Problem statement

https://leetcode.com/problems/design-most-recently-used-queue/

Solution

One way to solve this problem is to use sqrt decomposition: we split our list into sqrt(n) parts of size sqrt(n). We will keep each part as deque. Each time we need to extract element we do the following:

  1. Find the place of chunk k1 and place inside chunk k2.
  2. Delete this element from chunk.
  3. For all the next chunks remove element from the beginning of chunk i+1 to end of chunk i: exactly for this we need queue, not stack.
  4. Finally, put element to the end of last chunk.

Complexity

Time complexity of init is O(n). Then for each fetch we will do it in O(sqrt(n)): this time we need both to delete element from chunk and update all other chunks.

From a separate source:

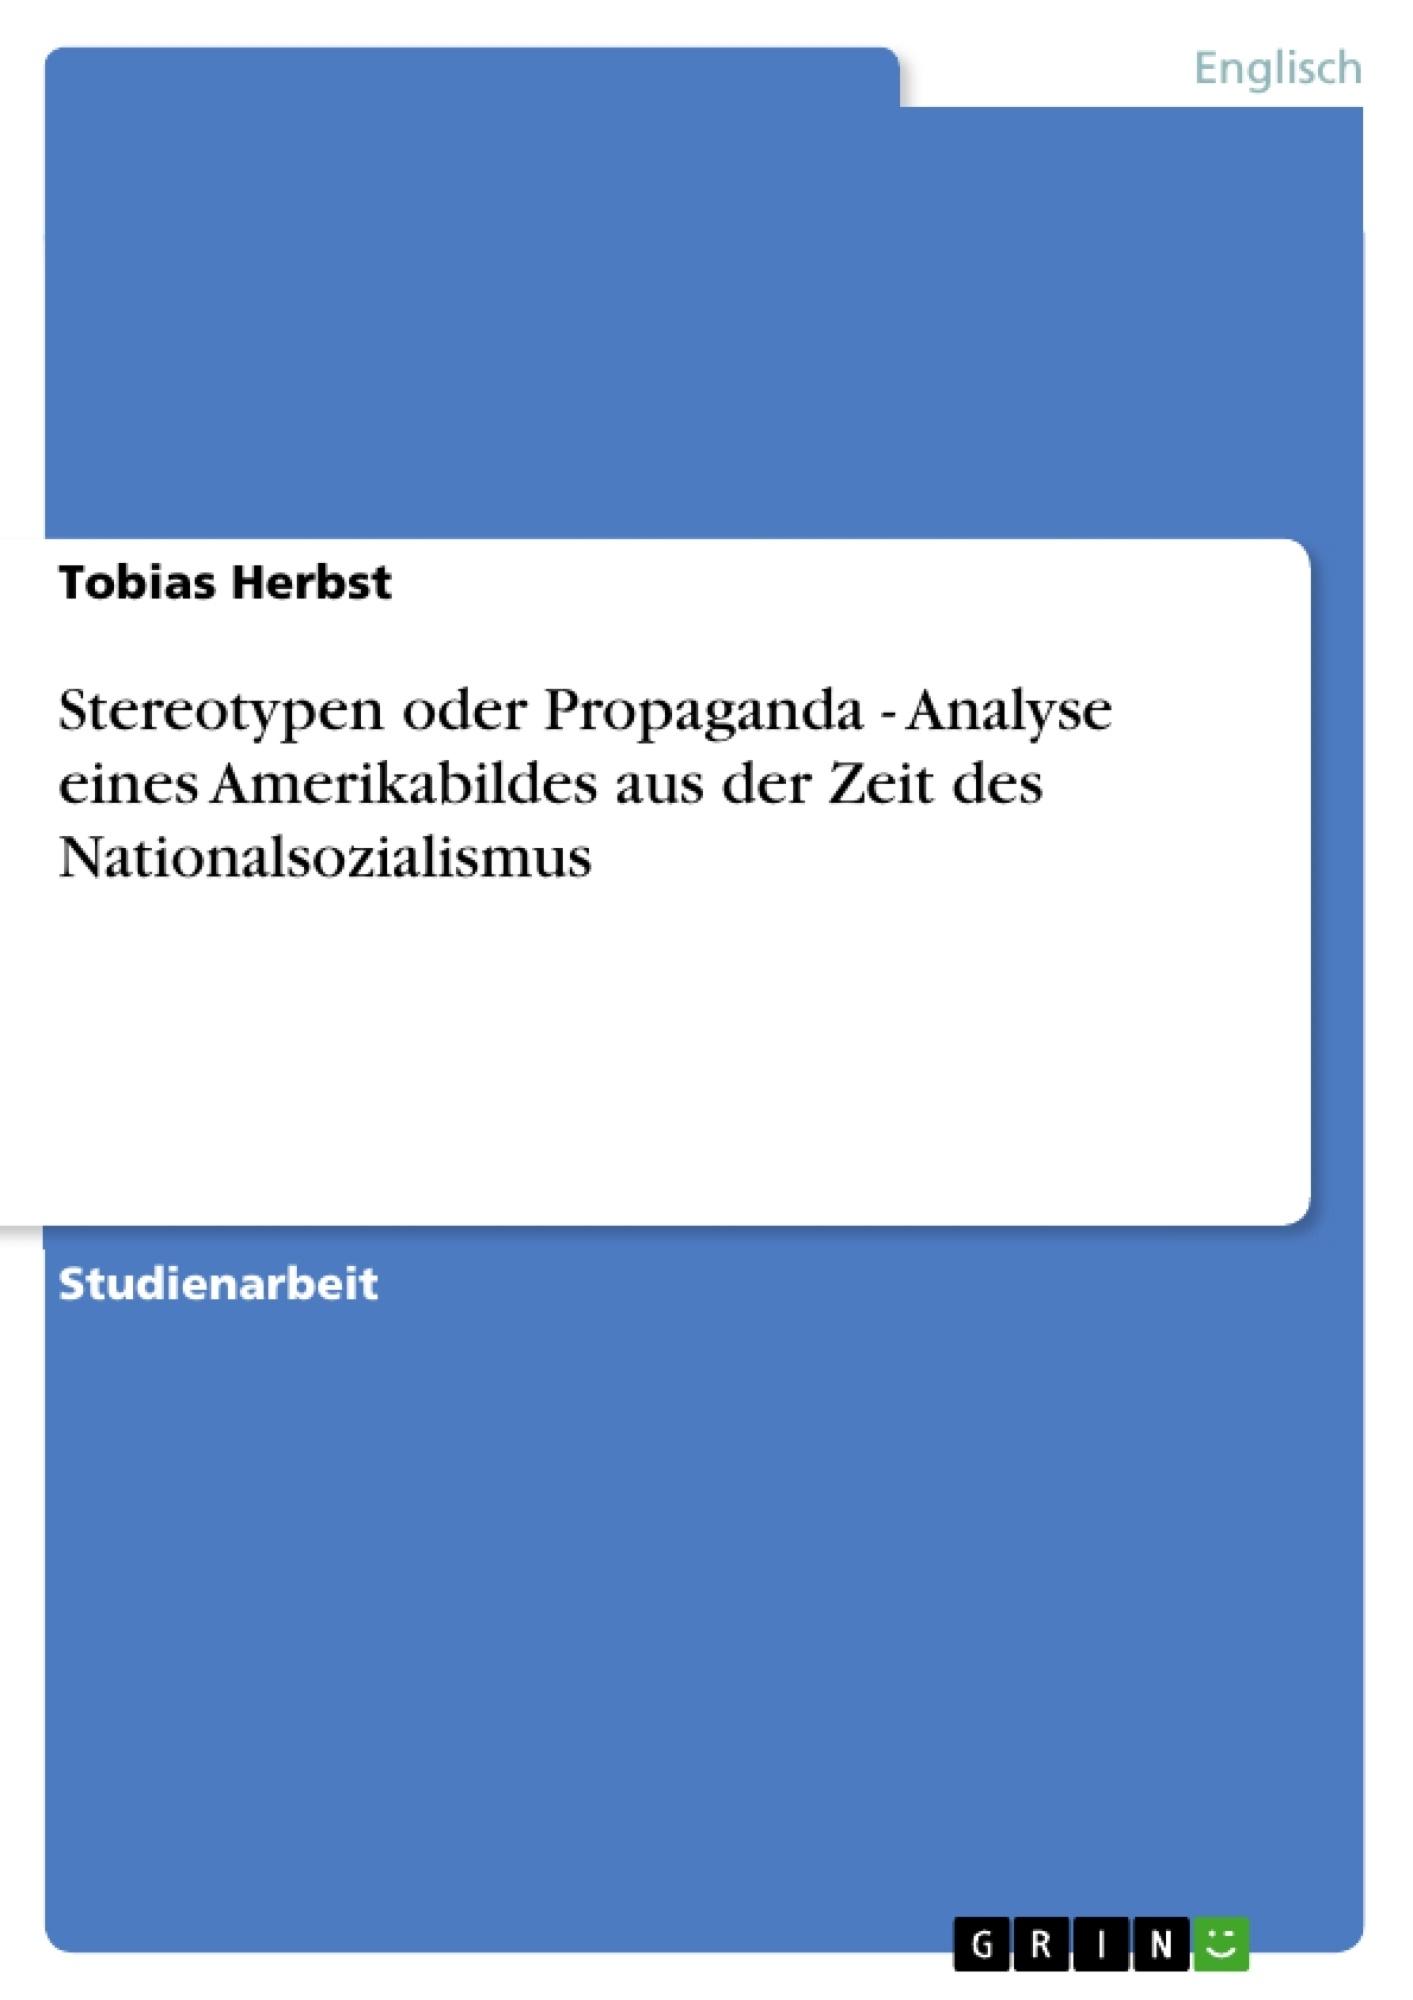 Titel: Stereotypen oder Propaganda - Analyse eines Amerikabildes aus der Zeit des Nationalsozialismus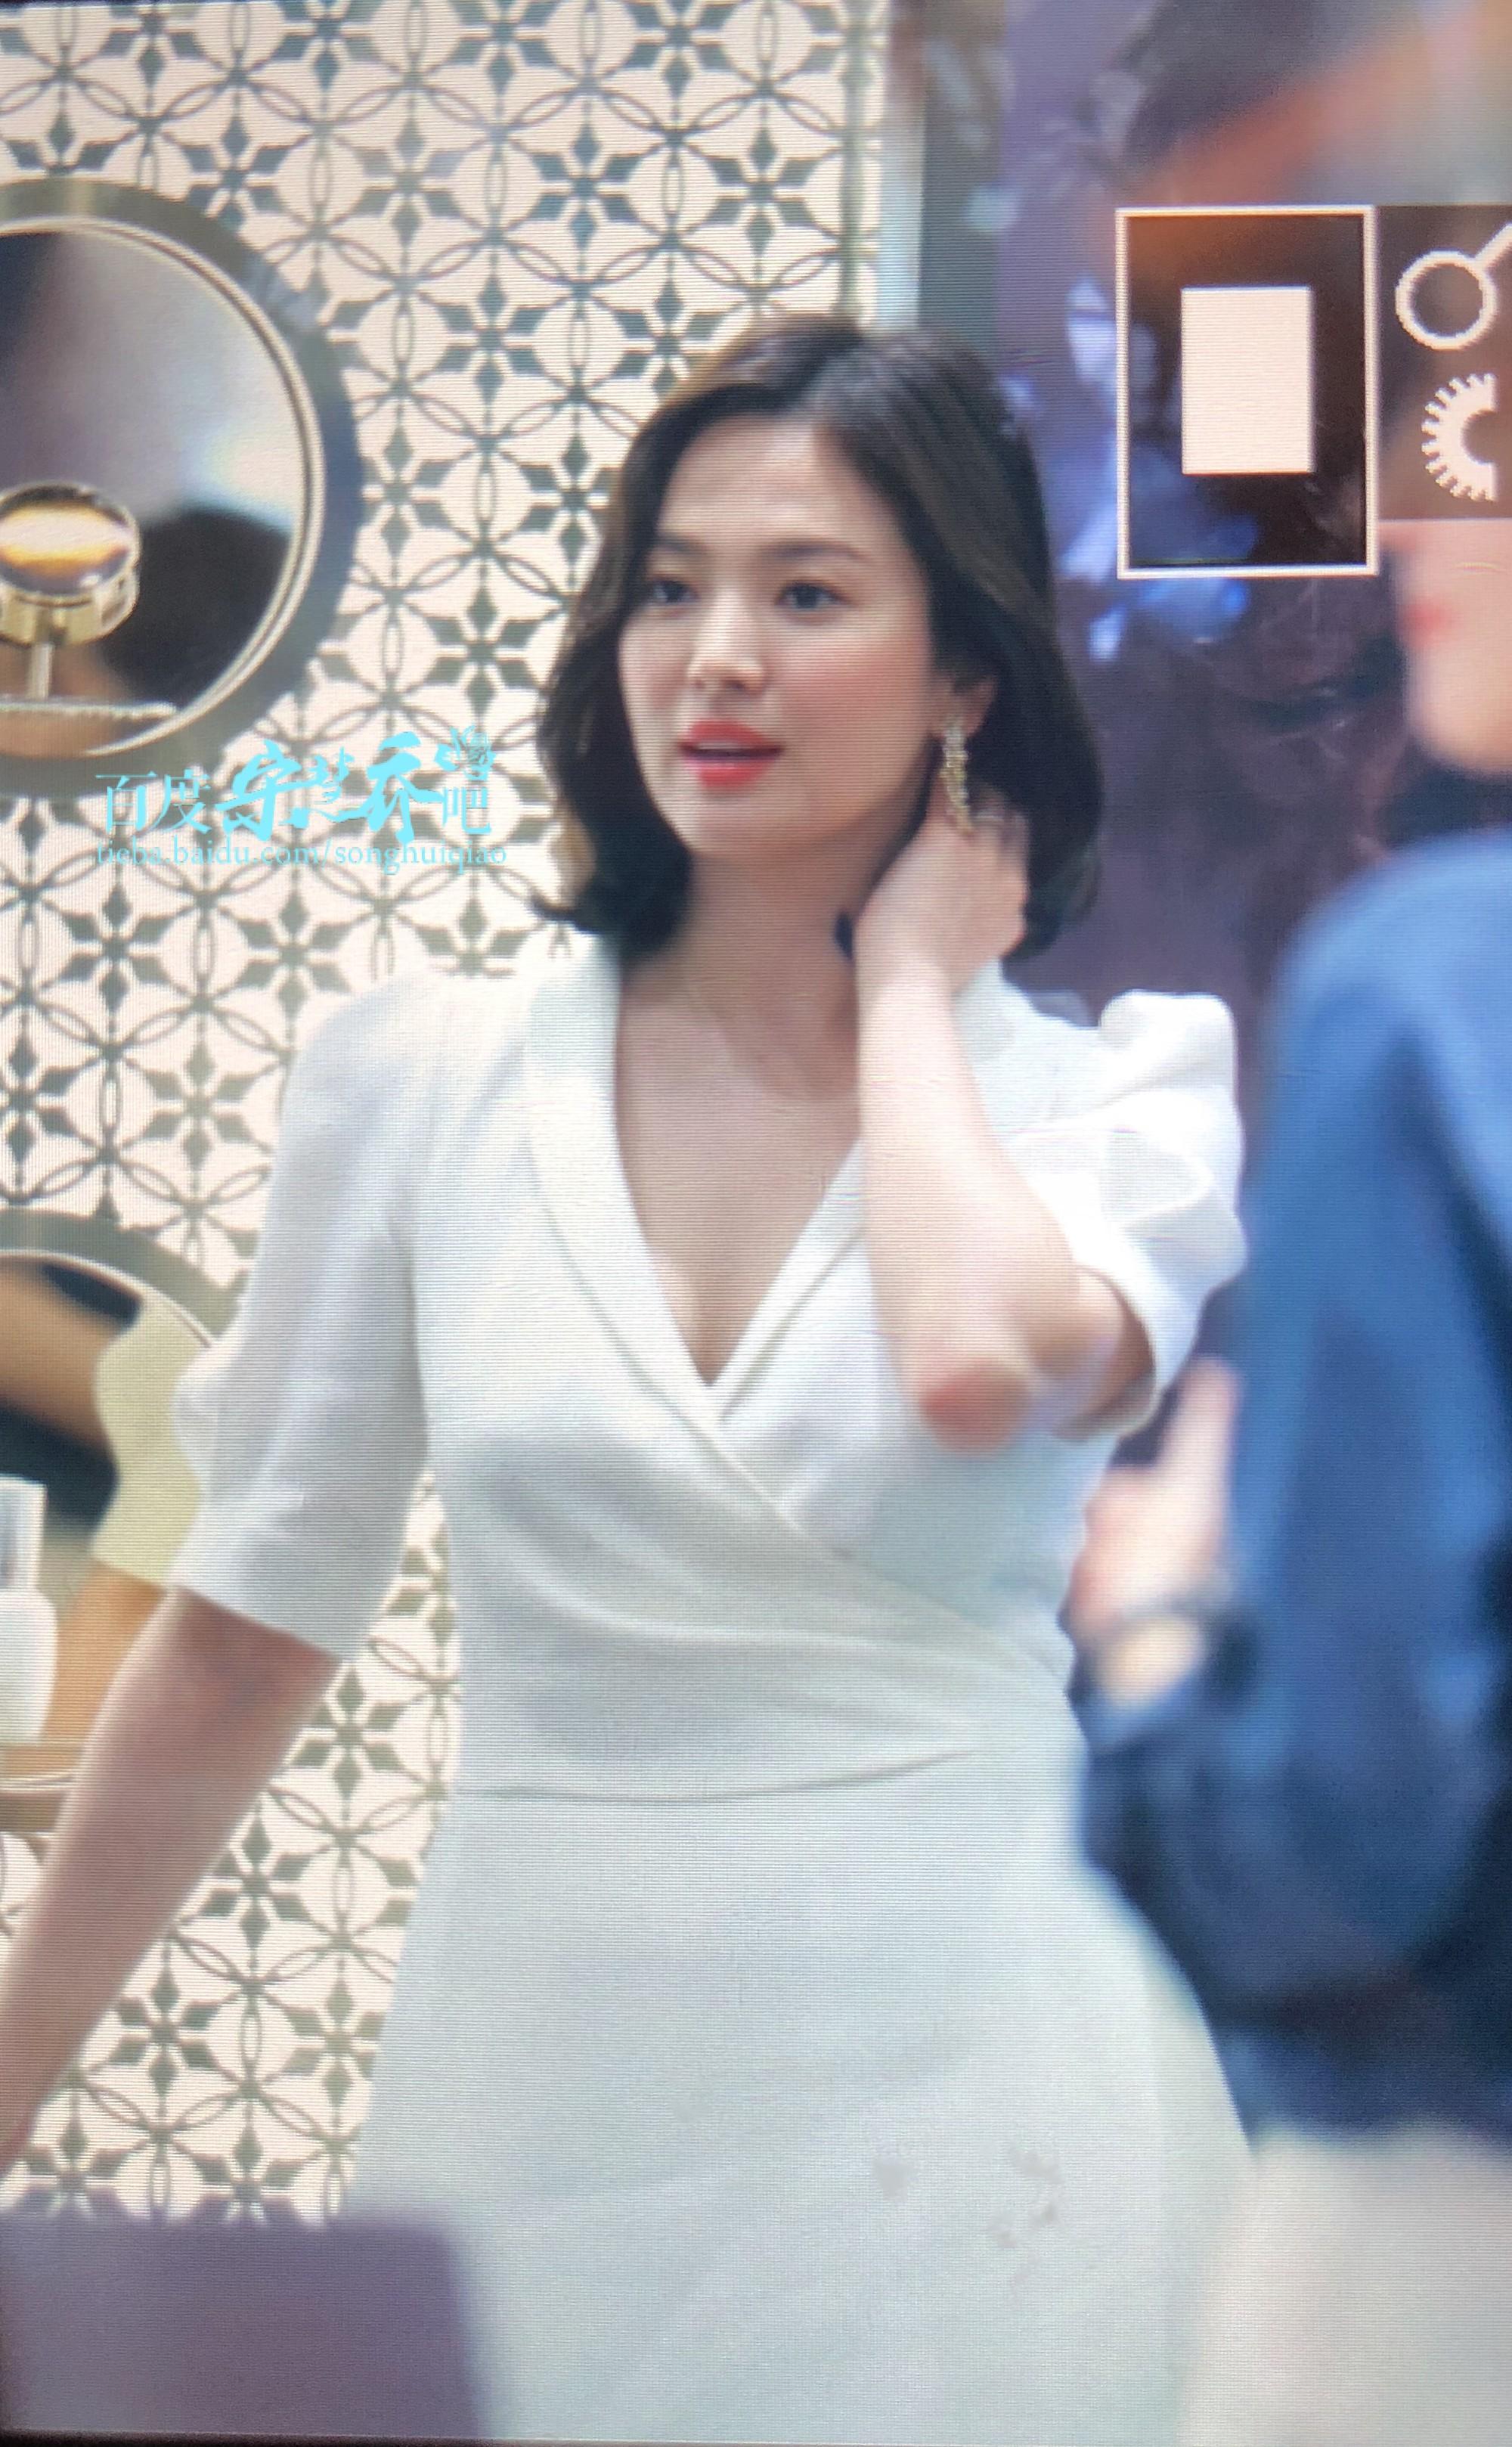 Song Hye Kyo tại sự kiện hôm nay: Chưa cần ảnh HD căng đét đã đẹp khó tin đến nhường này - Ảnh 3.

Space complexity is O(n).

Code

class MRUQueue:
    def __init__(self, n):
        self.m = m = int(sqrt(n))
        arr = list(range(n+1))
        self.data = [deque(arr[i:i+m]) for i in range(1, n+1, m)]

    def fetch(self, k):
        k1, k2 = divmod(k - 1, self.m)
        elem = self.data[k1][k2]
        del self.data[k1][k2]
        
        for i in range(k1, len(self.data) - 1):
            tmp = self.data[i + 1].popleft()
            self.data[i].append(tmp)
            
        self.data[-1].append(elem)
        return elem

Remark

There is also O(n log n) time complextiy for initialization and O(log n) complexity for fetch solution, using SortedList library..

Alternatively there is solution with complexity O(log(n+2000)^2) for fetch using BIT (or segment tree): create an array with size n+2000. each time we fetch a element, move that to the end of array. Binary search the position where there are exact k elements to the left. It can be improved to O(log(n+2000))